The small nursery contains three cribs, two babies to a bed. It will eventually make room for one more, and two more cribs will go in Aubrianna’s room. The dining table and chairs will soon be replaced by six high chairs, and meals will be served at the kitchen bar.
Other challenges: sleep deprivation and finances.
Sondra often gets only four to six hours of sleep at night, on weekends. Eldon, a “wonderful” dad, helps, but he also wants relaxation time from his job in Wichita.
They’ve set aside one night a month for a date, and each takes another night alone for a night out. Sondra gets out in the daytime for occasional trips to town. They dedicate Sunday afternoons to family time alone.
They’ve established an educational trust and a fund for a larger home with any money gifts they receive. Everything else must come from Eldon’s paycheck, Sondra said.
Ready for ‘PrimeTime’
While they turned down national media requests during Sondra’s pregnancy and up until now, after closely monitoring all the networks they have agreed to tell their story on “PrimeTime Live” with Diane Sawyer this fall.

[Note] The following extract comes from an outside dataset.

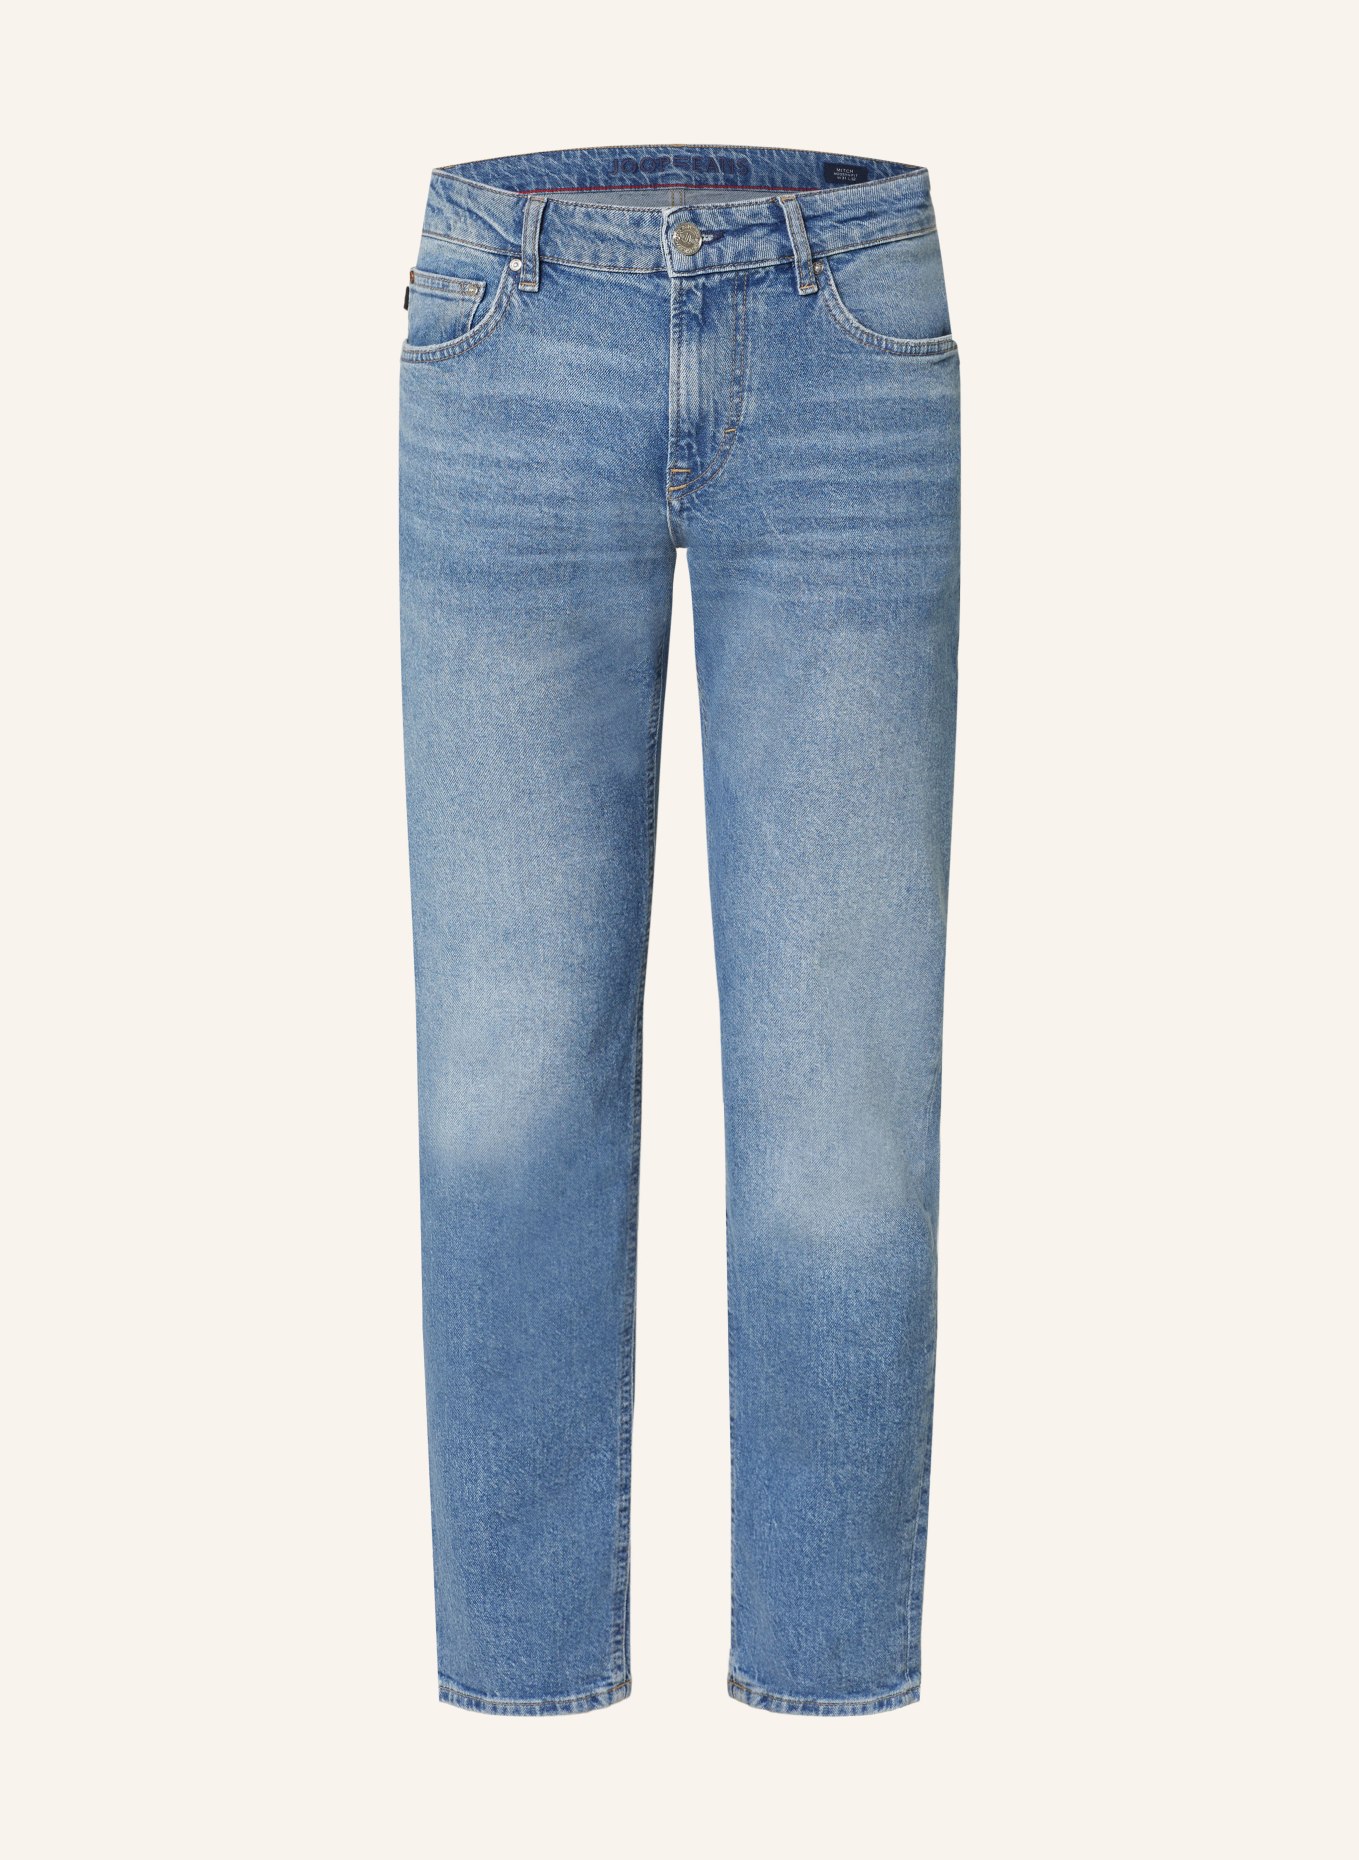 JOOP! JEANS Jeans MITCH Modern Fit, Farbe: 433 Bright Blue                433 (Bild 1)

“We like her style,” Sondra said.
A part of their story includes the pregnancy with Aubrianna through assistance from a fertility clinic and their wish to have another child.
Six weeks into a second pregnancy, a doctor detected six heartbeats. They had two weeks to make a fateful decision: whether to abort any of the babies.
During those two weeks, Eldon listened to his head and his heart, not knowing how they would do it but knowing they could.
Sondra dreamed of having her six “healthy, strong and beautiful” babies at home.
They chose to keep all six.
Sondra checked into the hospital for several months before delivery. There, she and her doctors focused on having six healthy babies. At seven months, the babies, weighing between two and three pounds each, were delivered by Caesarean section. Within weeks, they were strong enough to go home.
Today their weights are between nine and 11 pounds, and they’ve reached the “fun stage,” their mother said.
They’re all smiling and cooing. They follow faces and voices with their eyes and have discovered their hands and feet.
The next years will be a challenge, Sondra said.
“Our reward will be at the end,” she concluded. “When they’re all adults with families of their own.”